TASK BRIEF ▸
Return only the lines of the listing below that run from the line with "Vans ANAHEIM FACTORY" through the line with "These Identical Quadruplet", both ends included, exactly as written.

RECORDS FOR THE TASK ▸

<<<<

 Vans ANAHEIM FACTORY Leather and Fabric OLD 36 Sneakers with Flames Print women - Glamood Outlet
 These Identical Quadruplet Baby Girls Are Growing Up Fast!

>>>>
<<<<

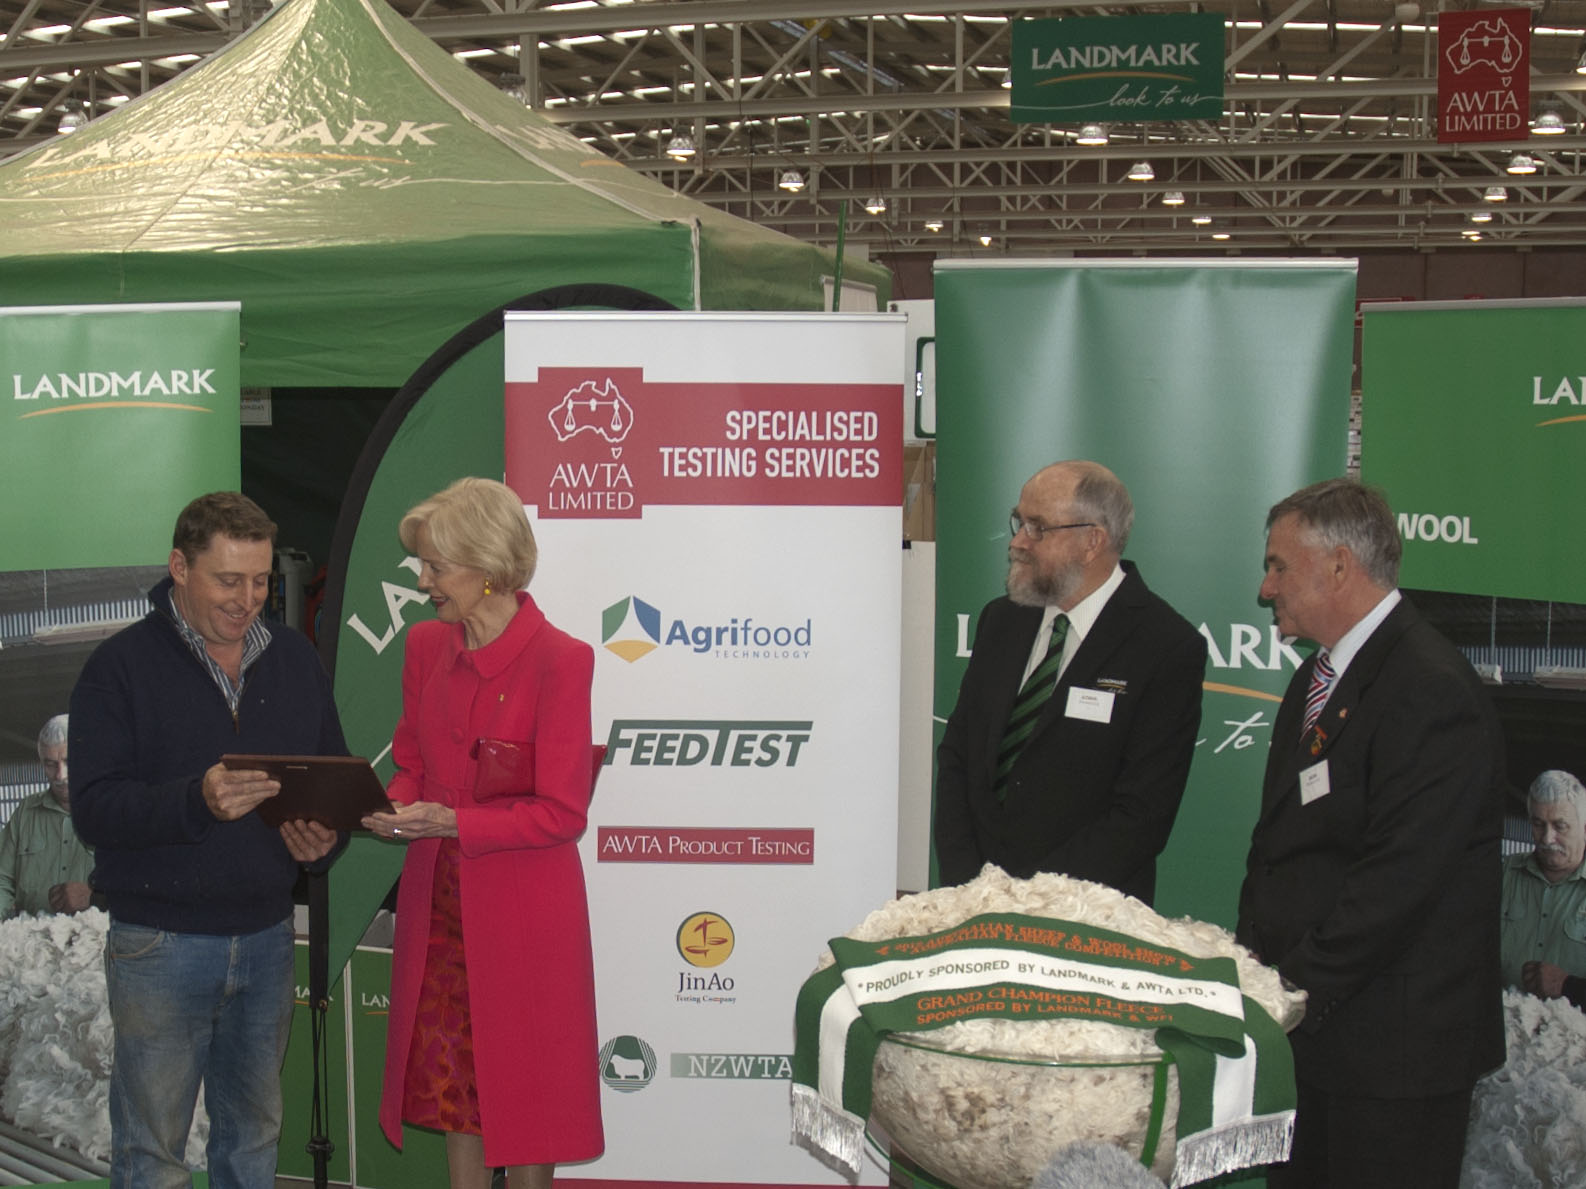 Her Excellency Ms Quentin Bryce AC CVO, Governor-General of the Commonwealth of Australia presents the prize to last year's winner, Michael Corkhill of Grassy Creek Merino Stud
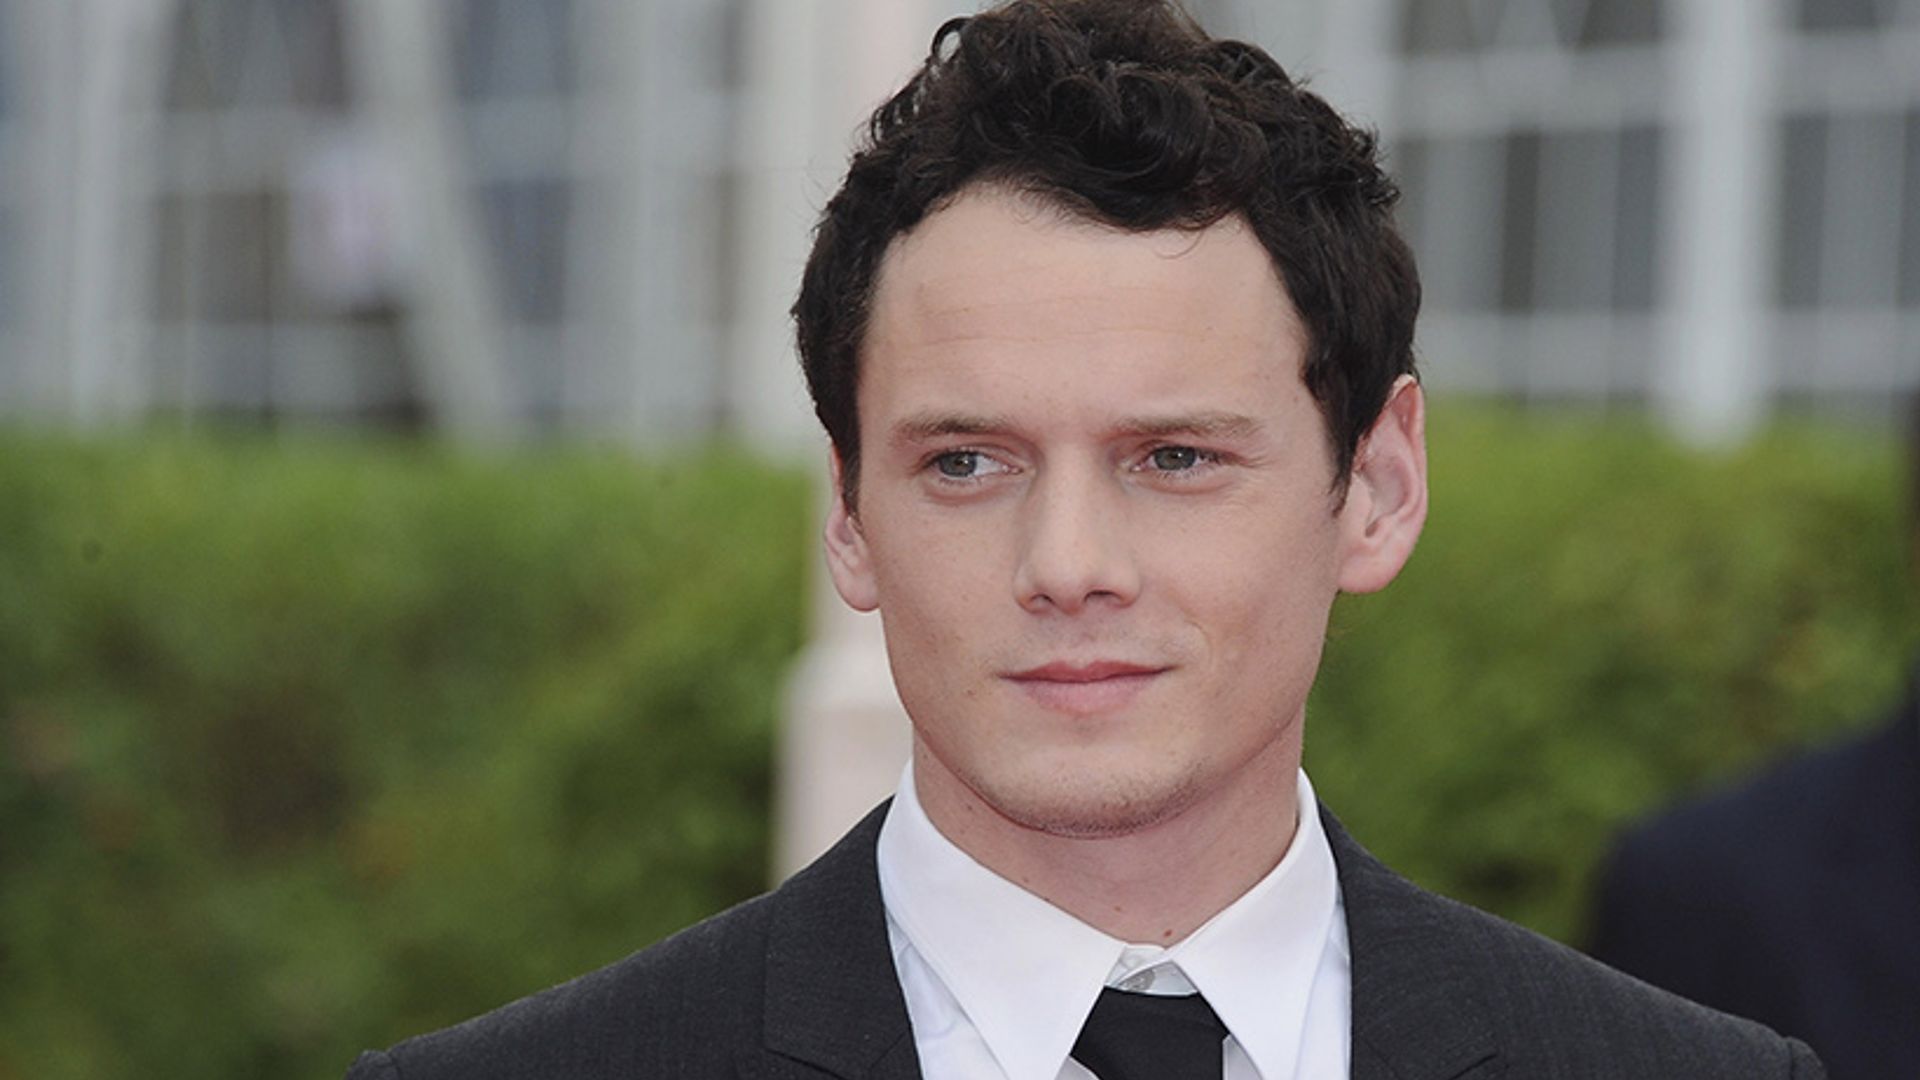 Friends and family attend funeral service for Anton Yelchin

>>>>
<<<<

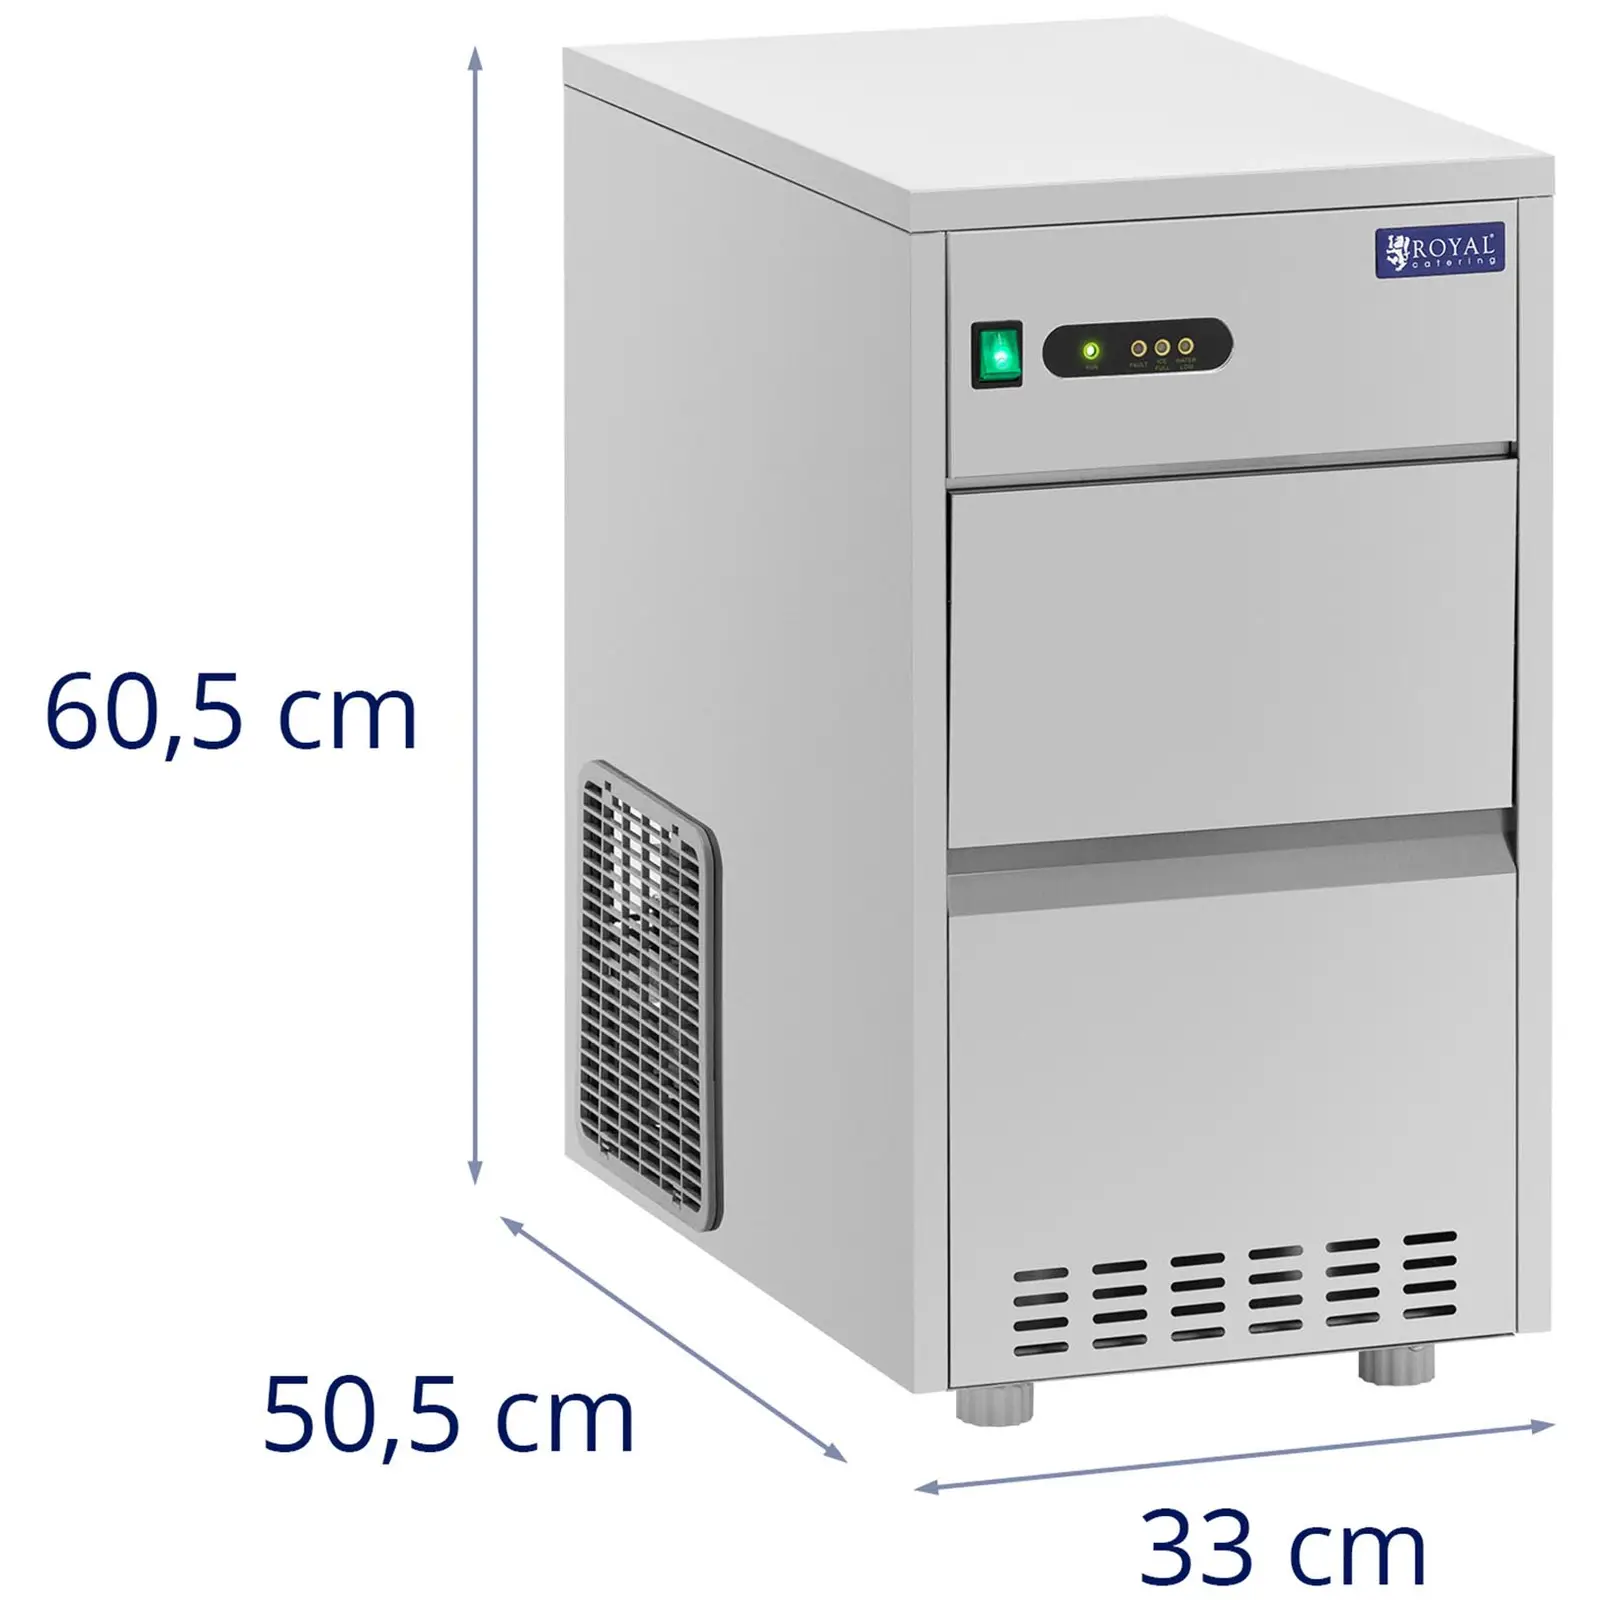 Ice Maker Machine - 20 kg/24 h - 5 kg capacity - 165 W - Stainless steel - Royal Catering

>>>>

RESULT OF THIS EXERCISE ▸
 Vans ANAHEIM FACTORY Leather and Fabric OLD 36 Sneakers with Flames Print women - Glamood Outlet
 These Identical Quadruplet Baby Girls Are Growing Up Fast!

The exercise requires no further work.